→ **GOAL OF THE EXERCISE**: The full listing, exactly as written and with no images, is the expected output.

→ **STORED DATA**:
---

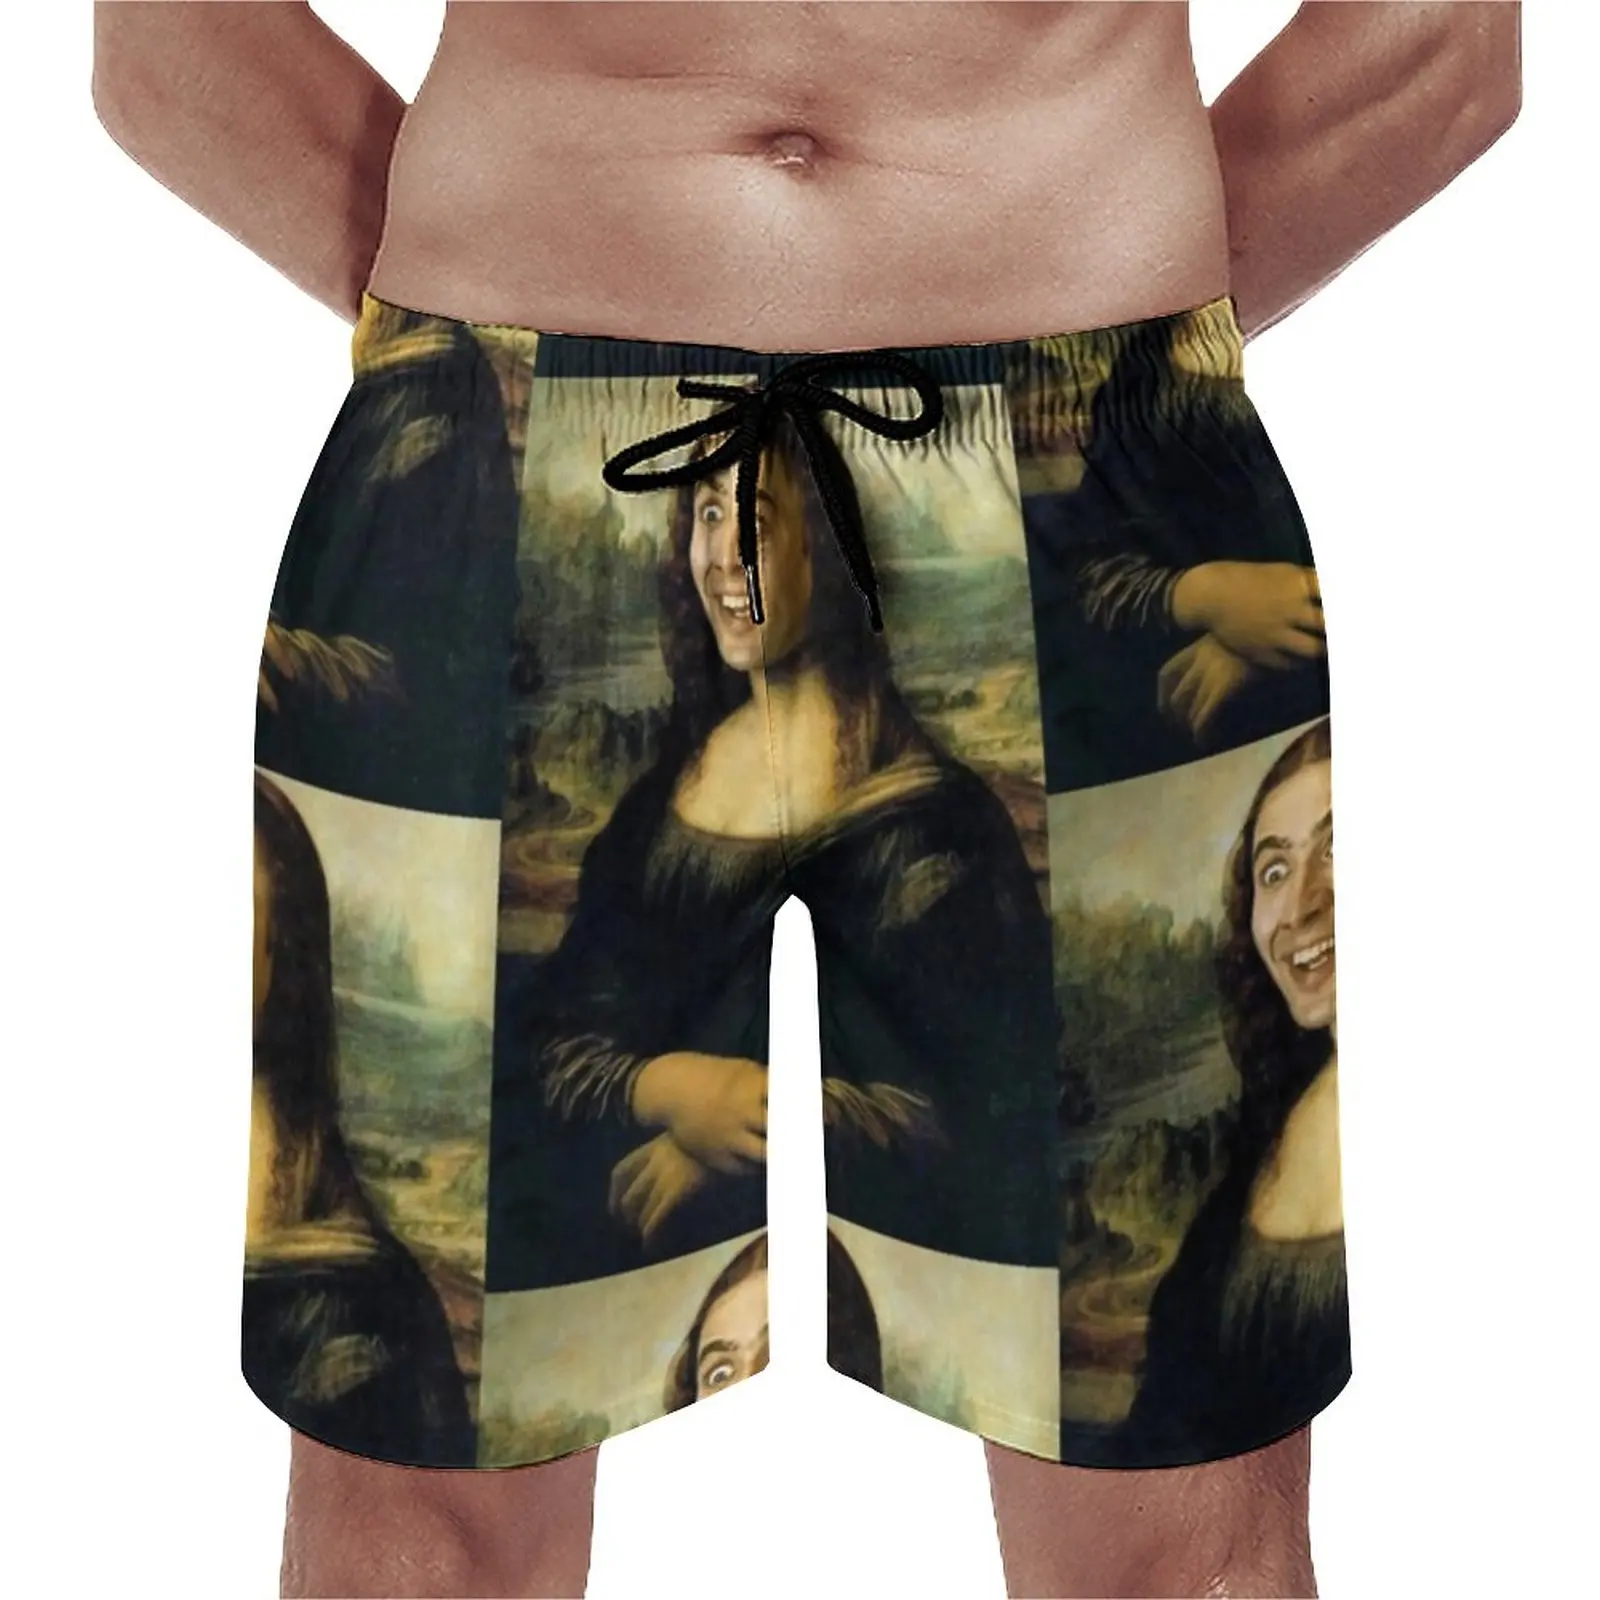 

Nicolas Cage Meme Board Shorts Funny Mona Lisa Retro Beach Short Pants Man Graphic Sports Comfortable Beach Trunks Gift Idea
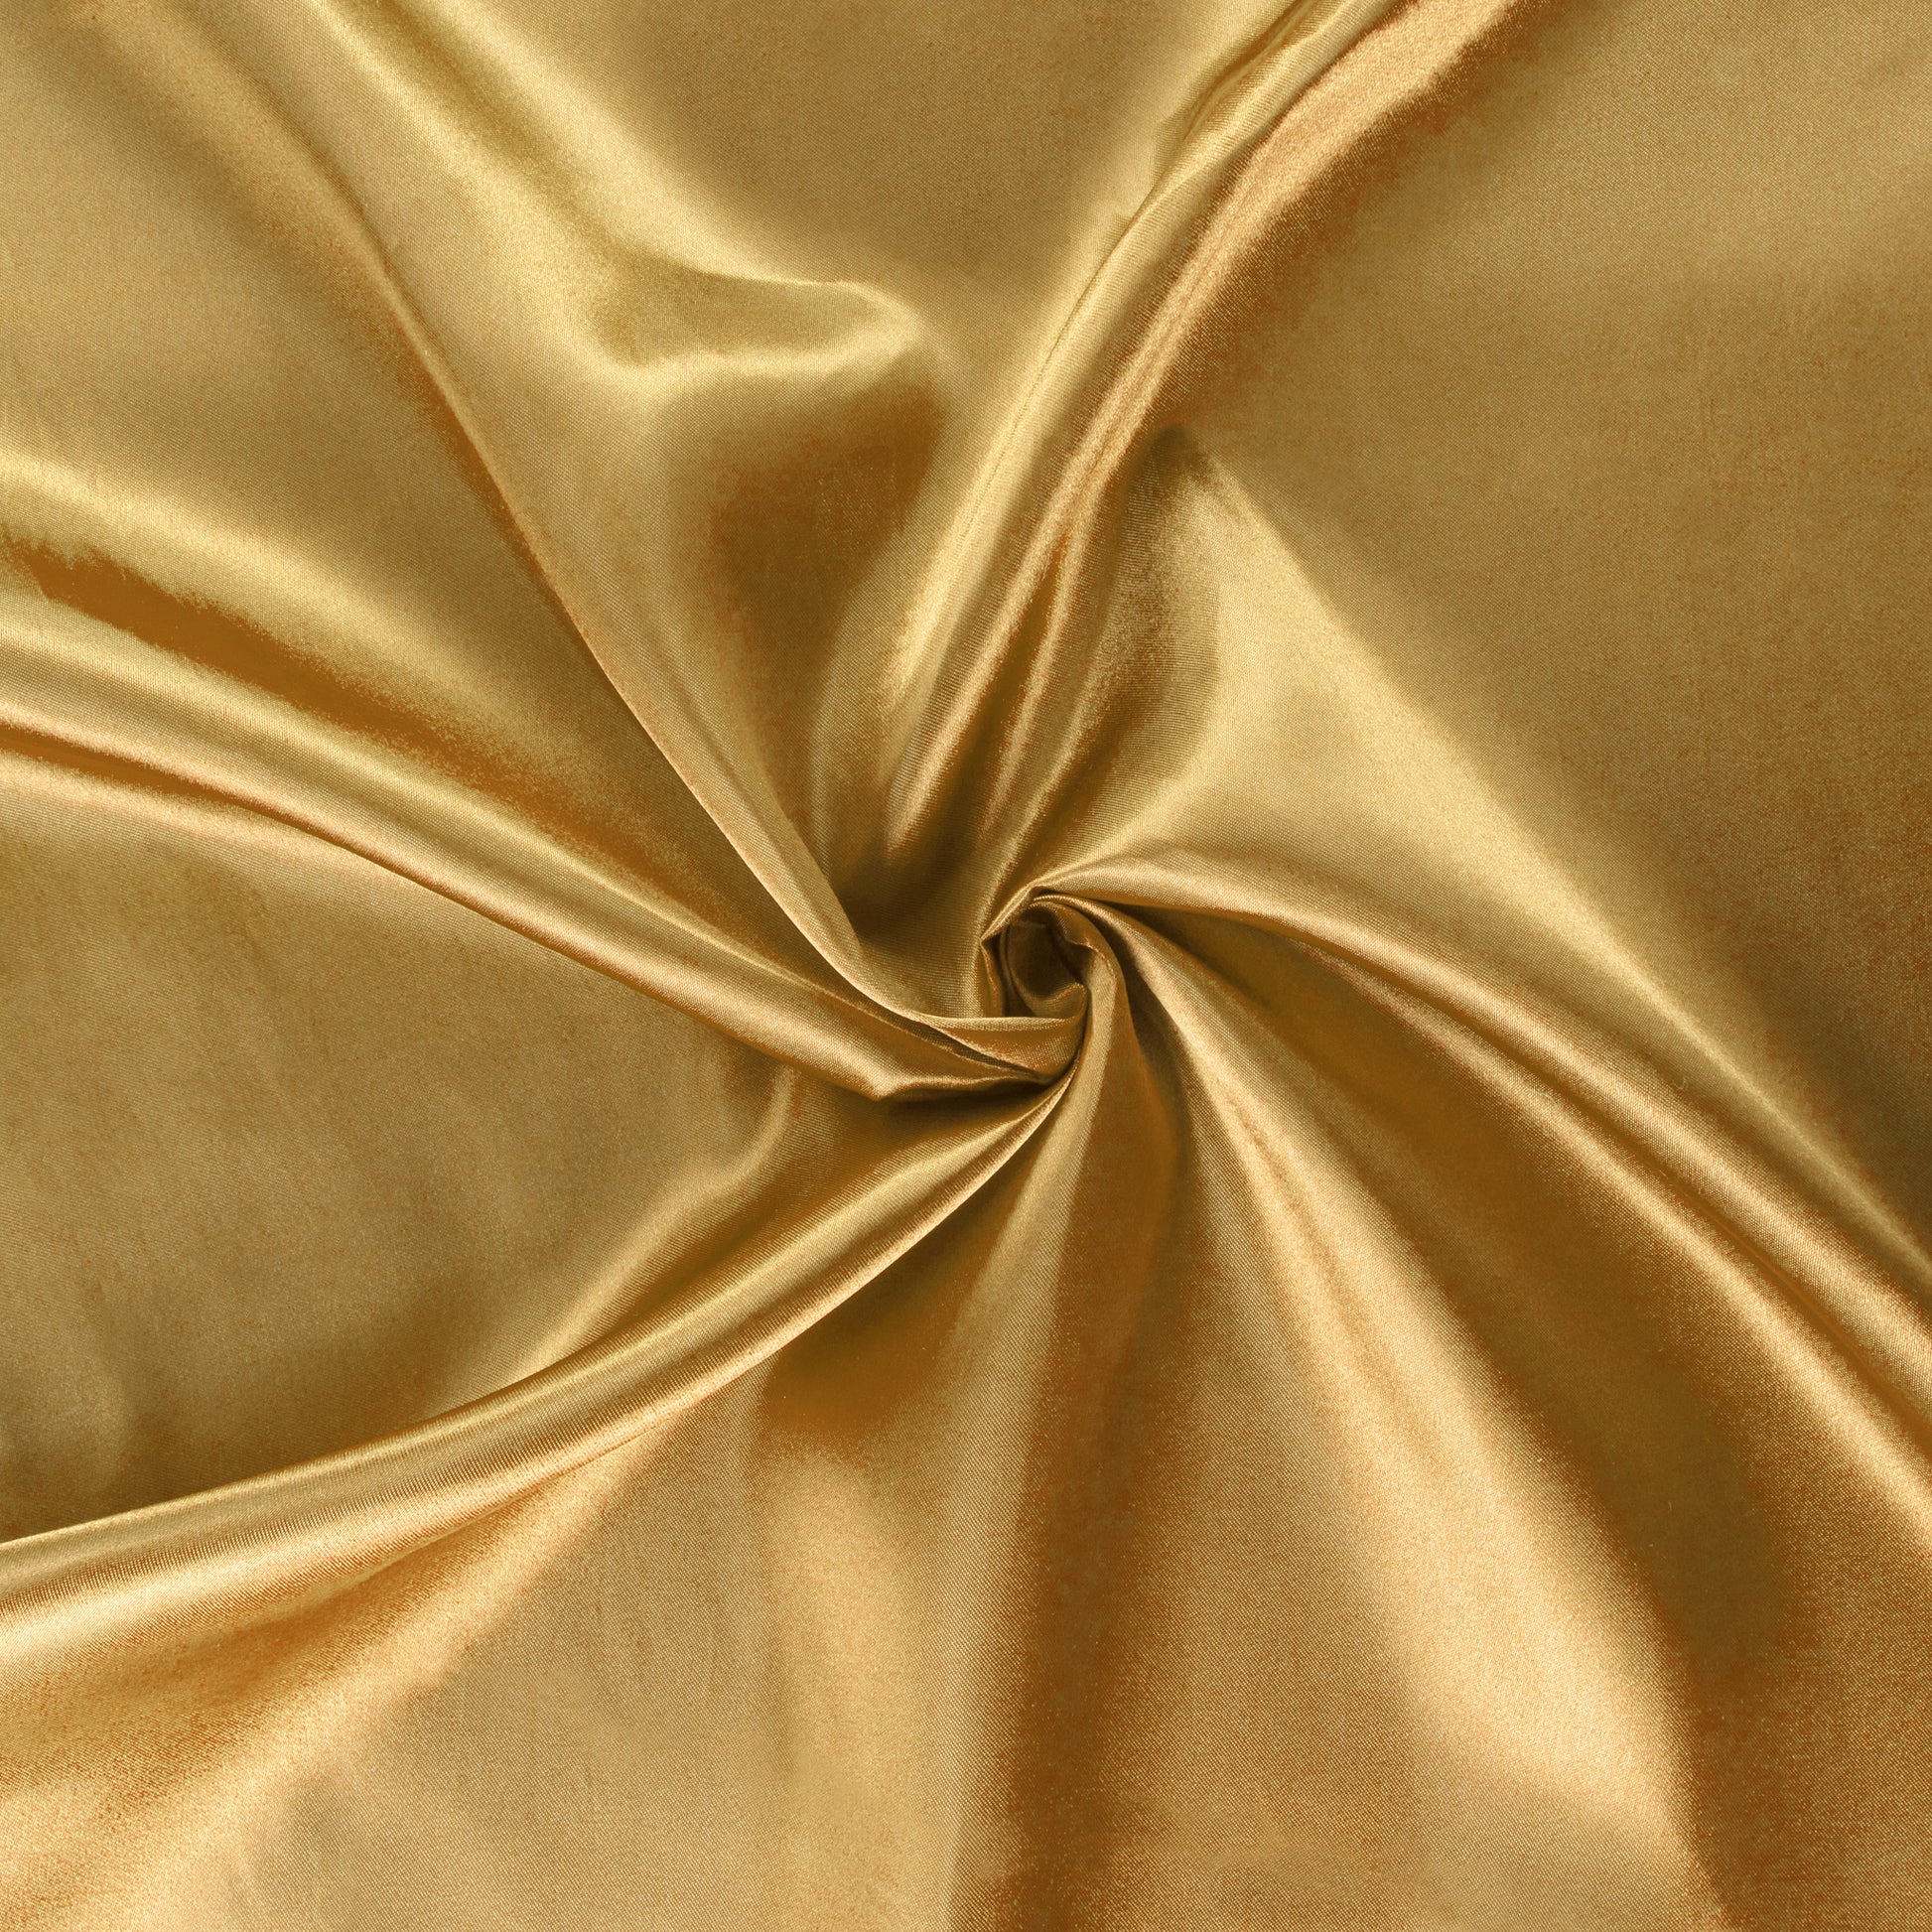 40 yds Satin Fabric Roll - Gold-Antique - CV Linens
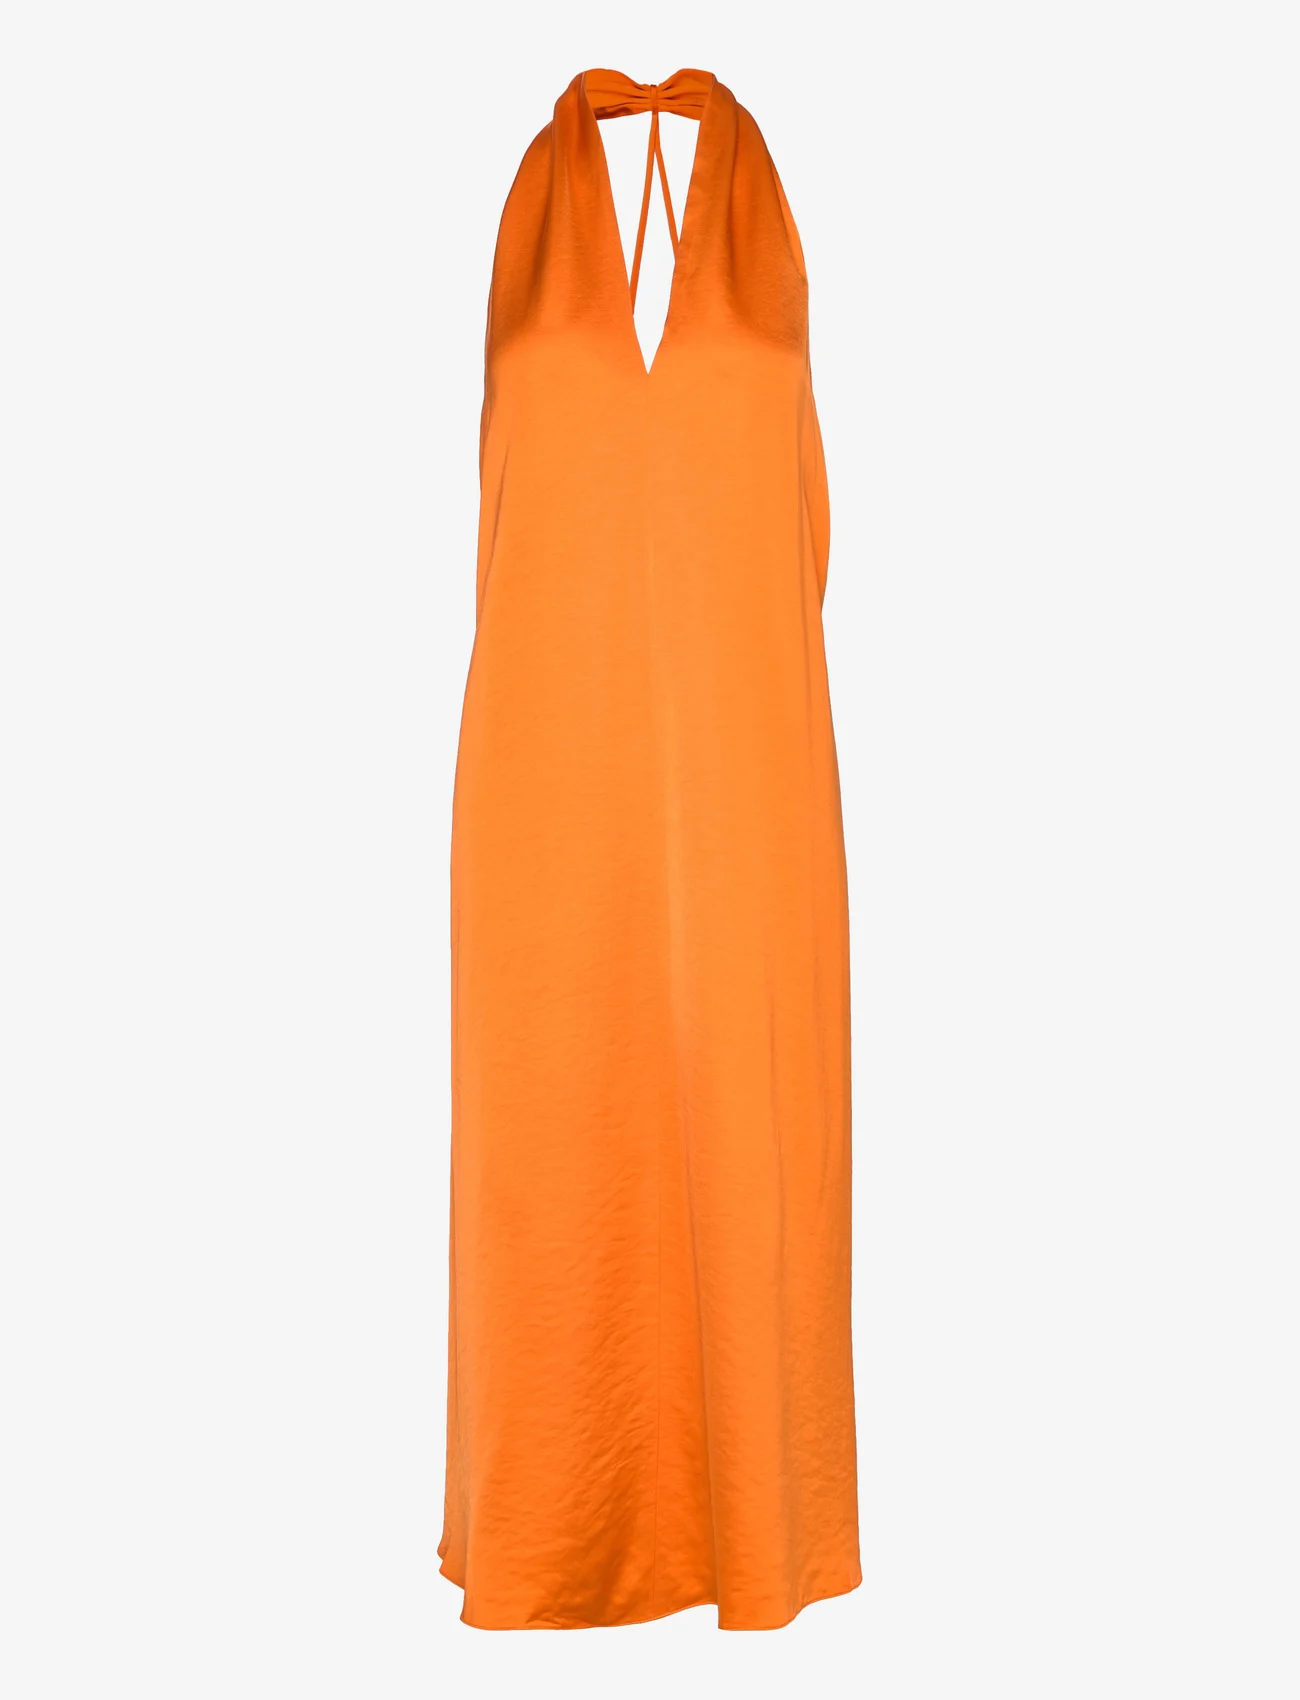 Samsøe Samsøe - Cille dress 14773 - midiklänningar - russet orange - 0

---

→ **ANSWER**:
Nicolas Cage Meme Board Shorts Funny Mona Lisa Retro Beach Short Pants Man Graphic Sports Comfortable Beach Trunks Gift Idea
 40 yds Satin Fabric Roll - Gold-Antique - CV Linens
 Samsøe Samsøe - Cille dress 14773 - midiklänningar - russet orange - 0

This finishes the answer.